BEGIN Recorded data

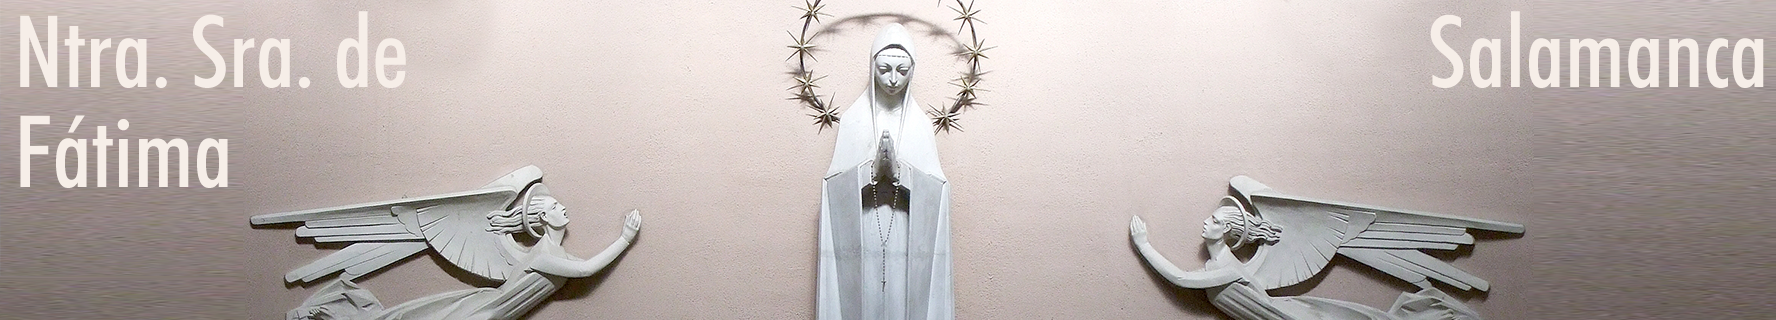 Parroquia de Nuestra Señora de Fátima. Salamanca.
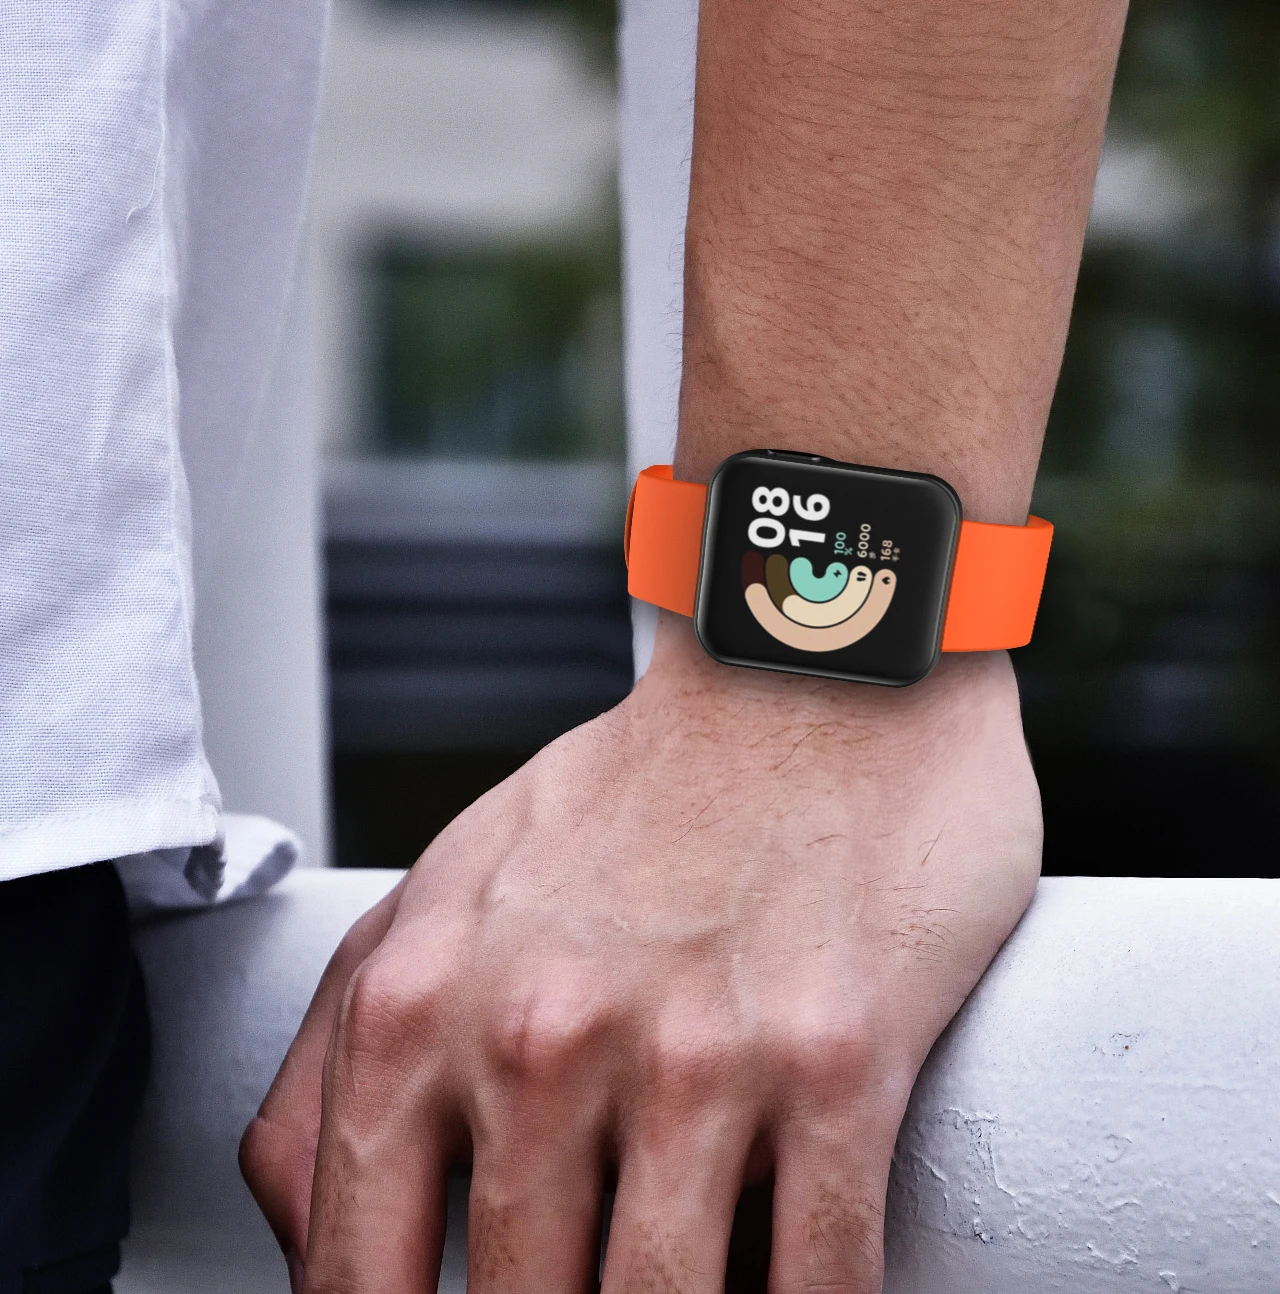 Correas de repuesto compatibles con Xiaomi Mi Watch Lite/Redmi Watch 1,  correa de muñeca deportiva de silicona ajustable para Xiaomi Mi Watch
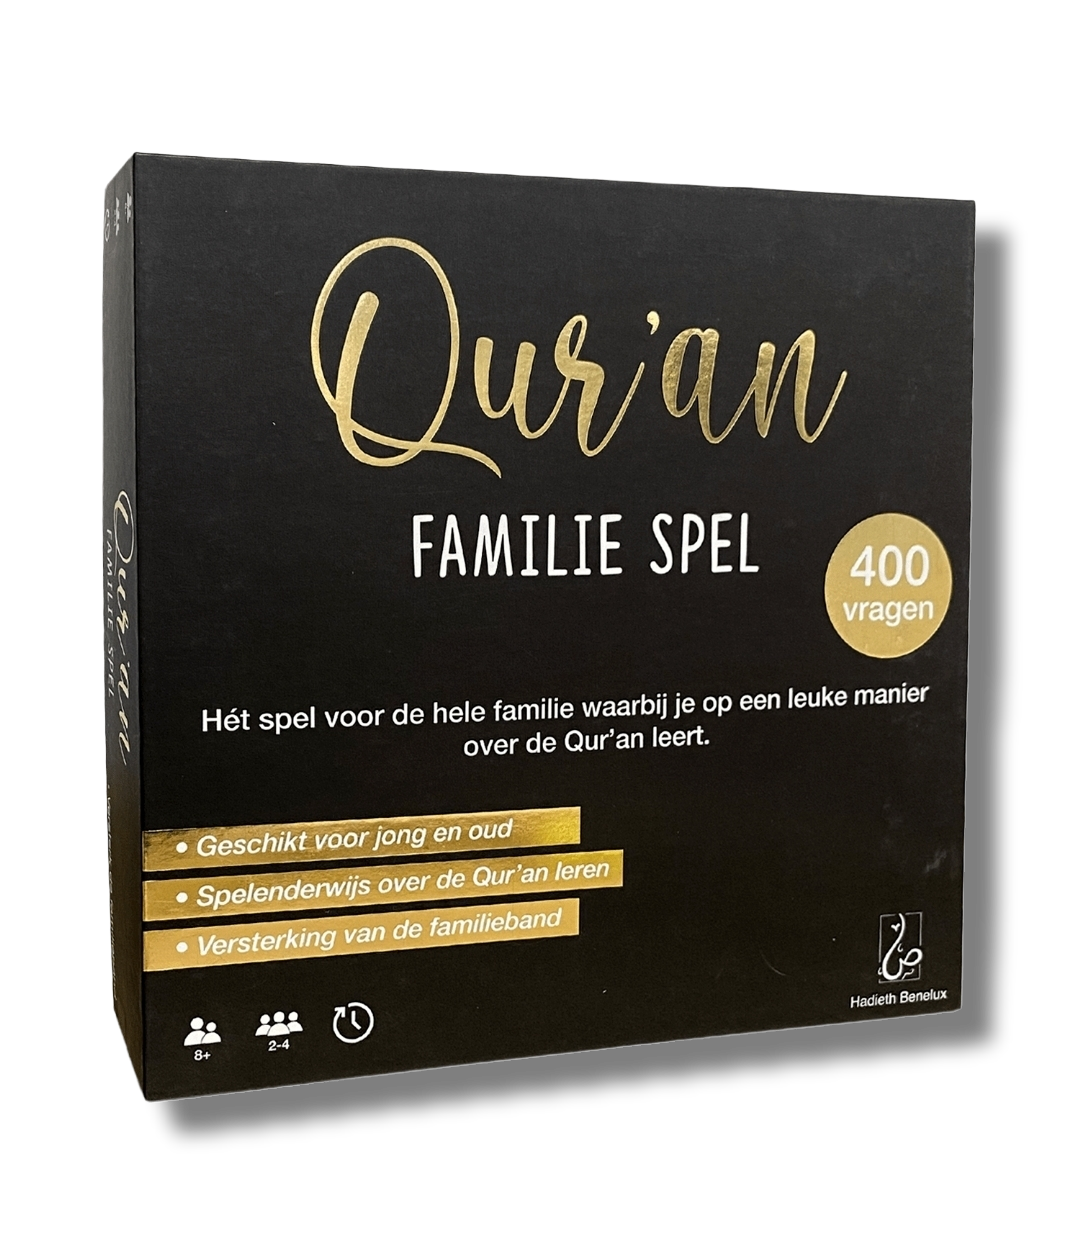 Qur'an familiespel - Zwart/goud

END Recorded data

Omit the pictures, then quote the rest of the material above exactly.

 Parroquia de Nuestra Señora de Fátima. Salamanca.
 Correas de repuesto compatibles con Xiaomi Mi Watch Lite/Redmi Watch 1,  correa de muñeca deportiva de silicona ajustable para Xiaomi Mi Watch
 Qur'an familiespel - Zwart/goud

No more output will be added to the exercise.